From 2021, supply chains and revenue risk will be very different for movements between the UK and the EU and most importantly, the main risk of alcohol excise inward diversion fraud will simply be extinguished. This is because when the UK exits the EU following the end of the transition period, EMCS will be switched off for intra-EU trade, which means the weakness of EMCS for inward diversion of fraudsters using multiple mirror loads under cover of a single ARC will not be possible.  Import declarations will have to be made and excise goods will always be subject to control checks, which is not currently permitted under Single Market rules.  The risk of fraud will therefore be reduced by these measures.  That is not to say that fraud may not mutate, but “container fraud”, akin to tobacco duty fraud (i.e. plain old fashioned smuggling) seems unlikely.

This will also mean that the current Due Diligence Condition set out in HMRC’s public notices must be revised substantially or removed entirely.  The current policy really deals with intra-EU movements and inward diversion fraud as described in the Seabrook Warehousing case, i.e. risks in EMCS alcohol supply chains between the UK and the EU.  The supply chains will not be subject to EMCS from January 2021 and as a consequence HMRC’s entire policy will need re-consideration, particularly in respect of the heavy burdens it has imposed upon the legitimate alcohol sector.

28 November 2020

HM Government Alcohol Duty Review Call for Evidence 2020 -  BDA response


The British Distillers Alliance has responded to the government’s Alcohol Duty Review (ADR) Call for Evidence.  Copies of the response are available upon request.


There are two elements to the ADR: rates and structure (HM Treasury) and management of the revenue (HMRC).  In terms of the former, the main issues are fairer tax for spirits (tax by unit for all alcohol) and reduced rates for smaller producers.  In the case of management of the revenue, this runs in tandem with HMRC’s modernization and simplification programme, for which the BDA has also made submissions, reiterated in the ADR response.

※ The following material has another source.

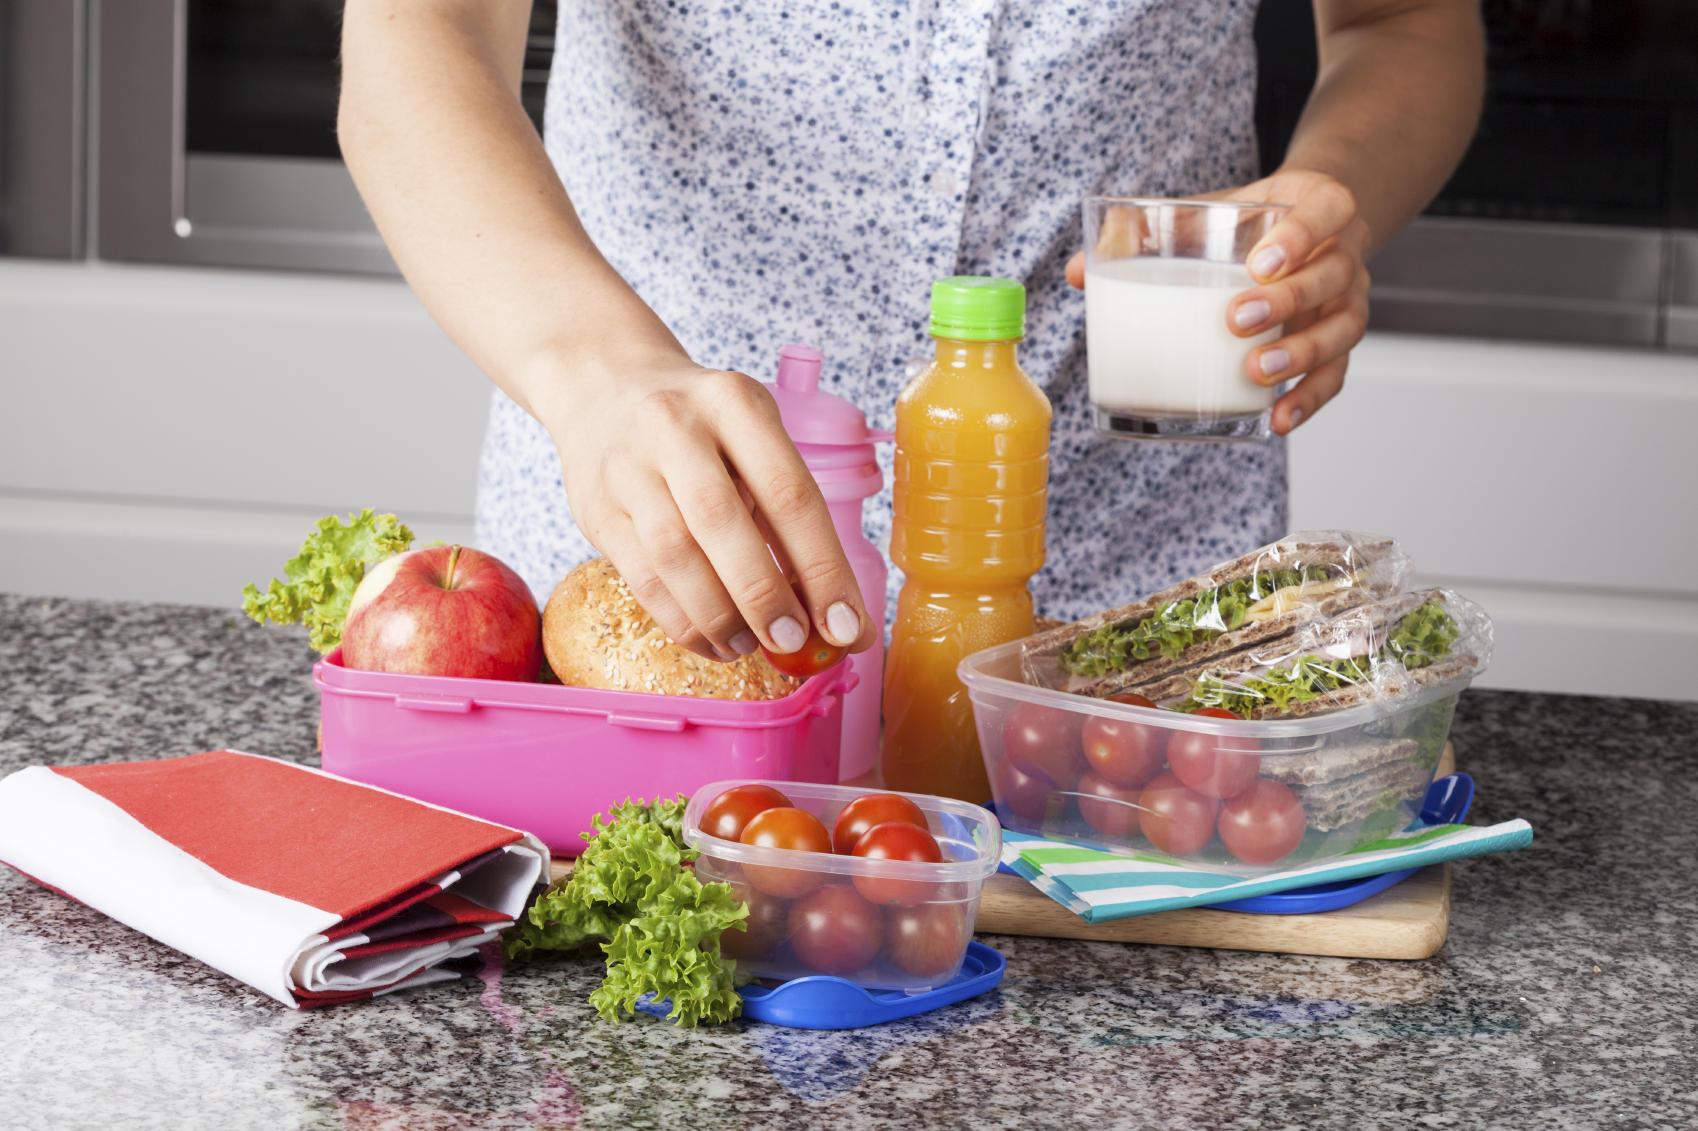 Mother preparing lunch box

At a Joint Alcohol and Tobacco Consultative group meeting on  meeting on 24 November, HMRC addressed the status of the ADR, with the following points:


  • Stakeholder engagement (other than HMG) comprises industry, economists and the public health sector;

  • HM Treasury will engage with minister before Christmas and “shape proposals”

  • There will be consultation on proposals including a “technical” consultation

  • These consultations will be announced next year — possibly at a “Budget event”, taking matters thereafter into 2022.

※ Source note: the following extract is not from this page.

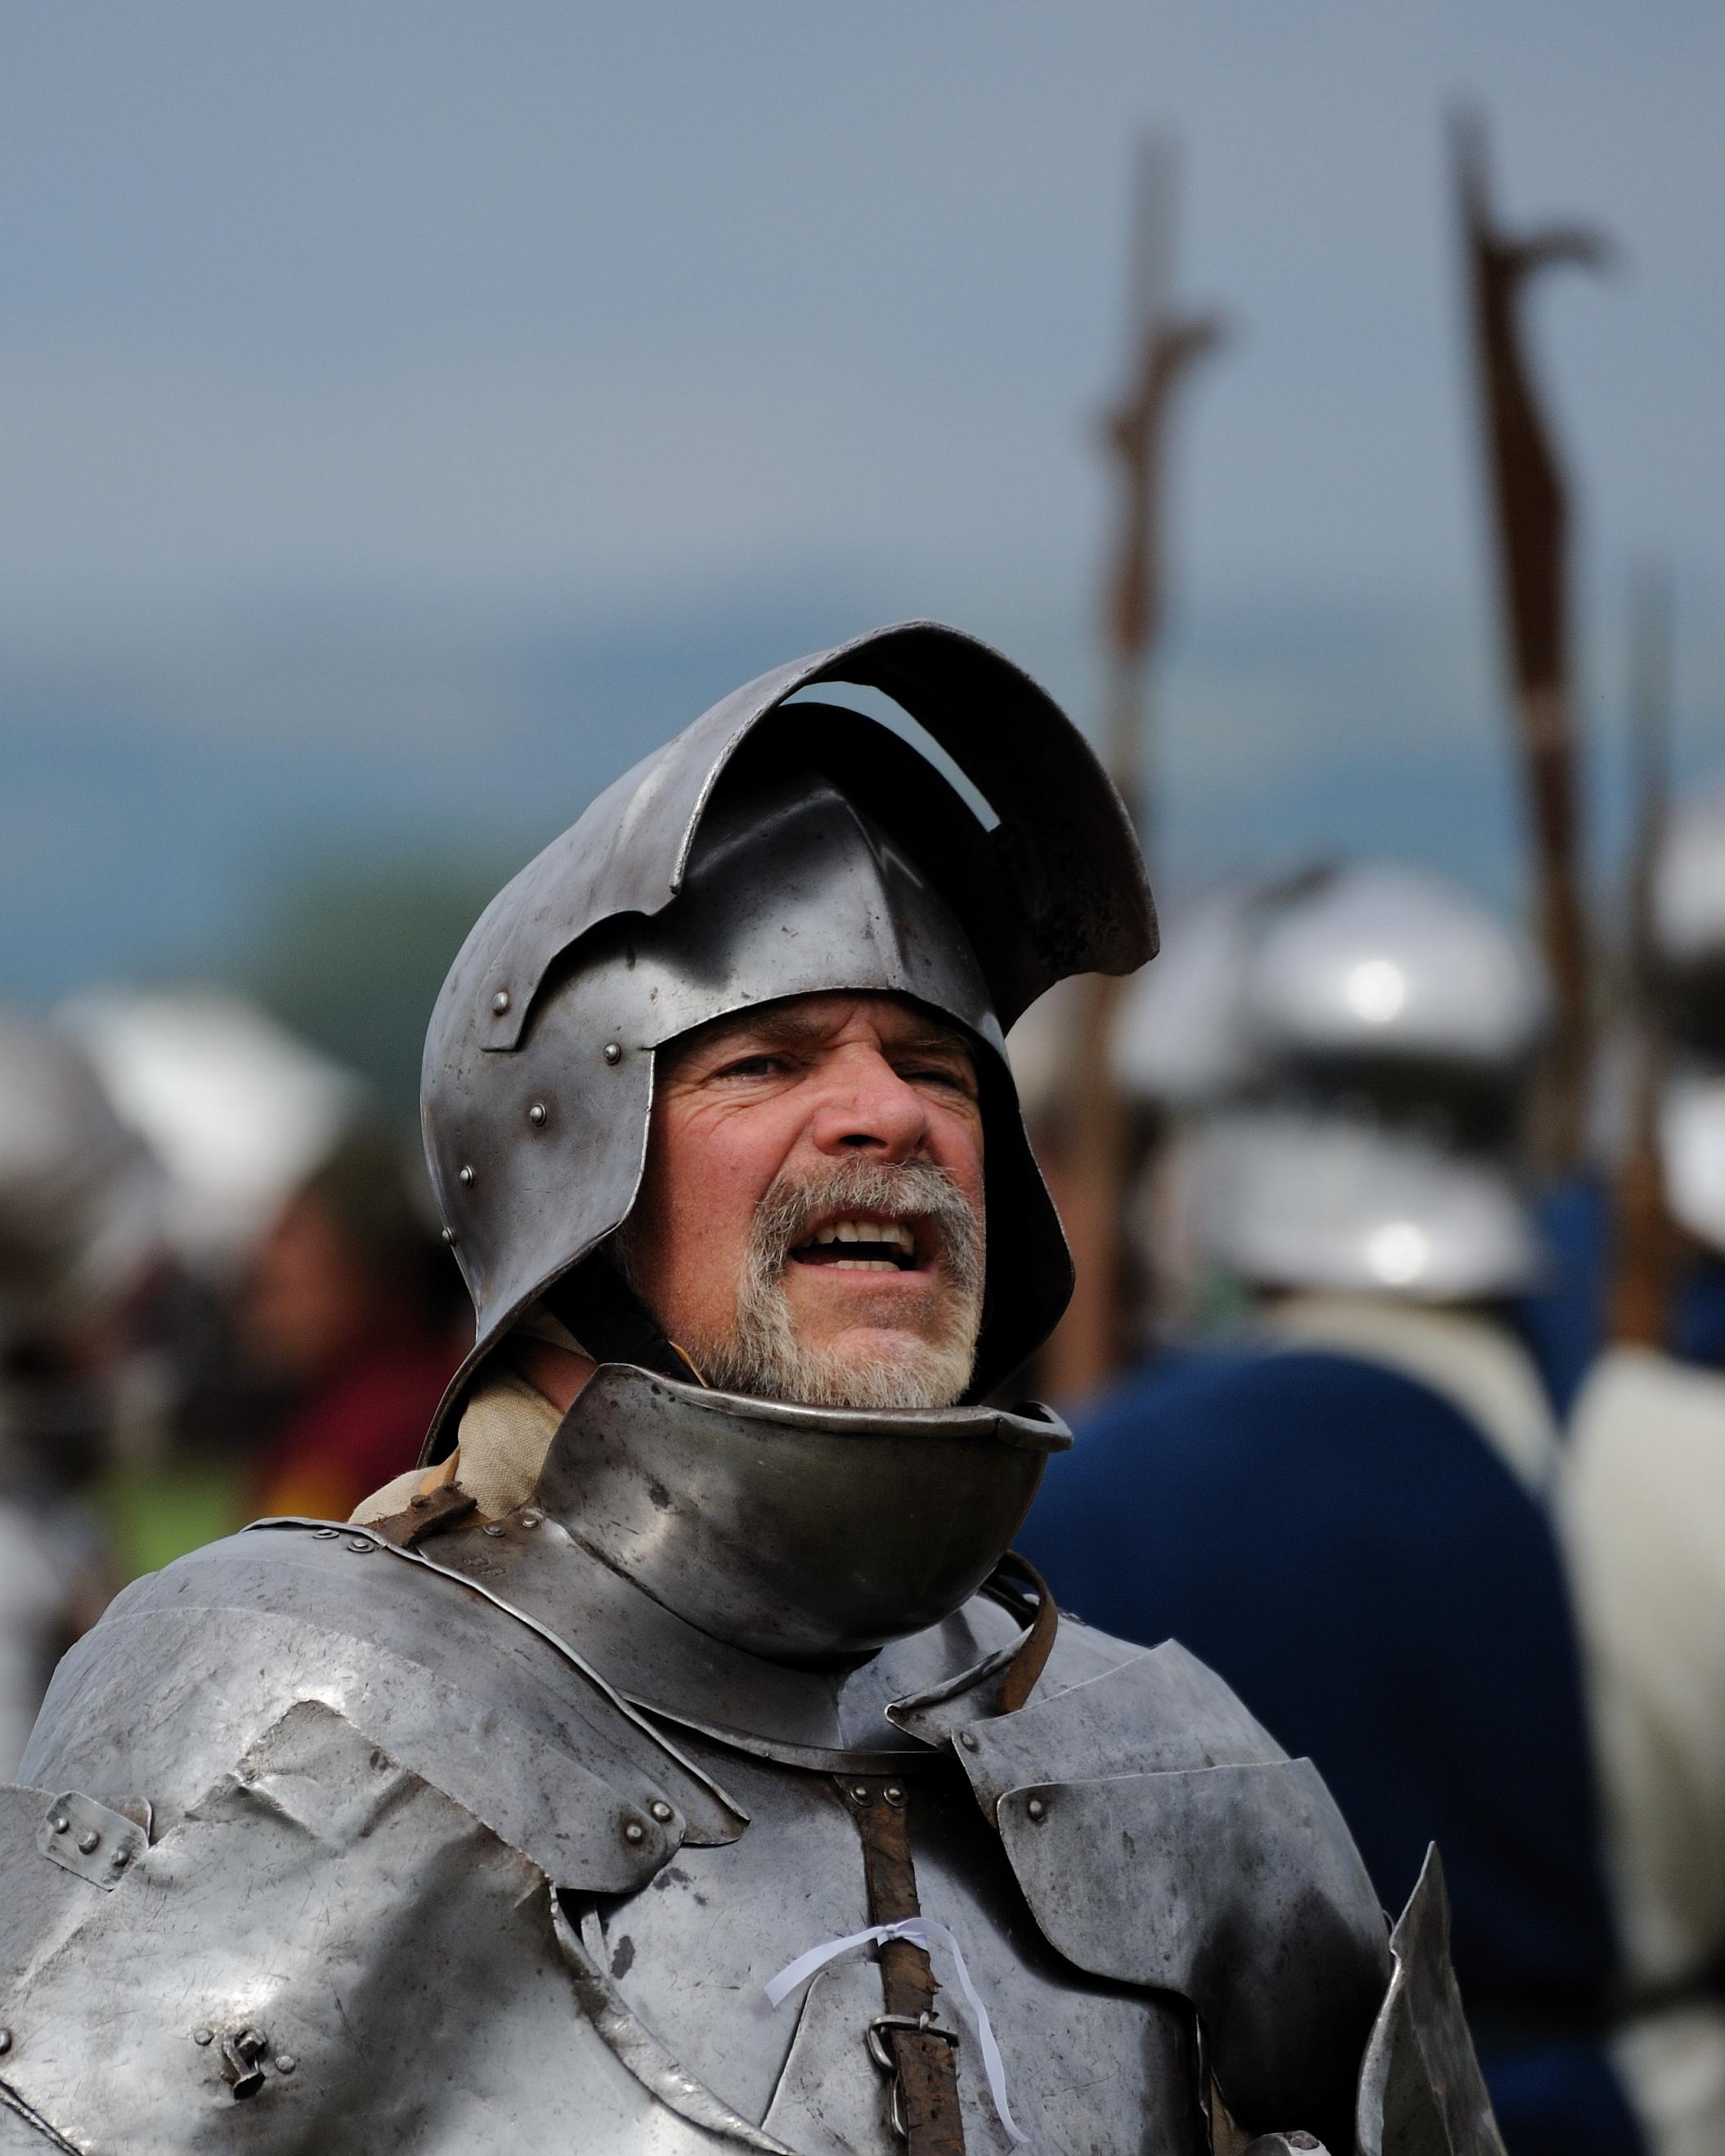 Head shot of a knight in shining armor

  • Constraints will be (as always) systems capacity and legislative space.


The BDA will participate in further interim discussion.

8 October 2020

BDA welcomes HMRC Policy change to remove requirement for excise warehouse premises guarantees

HMRC has just announced an extremely welcome policy change removing the requirement for a premises guarantee to be in place as a condition of excise warehouse approval.  Until this month, a premises guarantee has been a requirement for excise warehouse approval, albeit it has been possible for “trade facility” policy excise warehousekeepers to have a “nil” level of security where there is no more than  £100k duty stockholding at month end.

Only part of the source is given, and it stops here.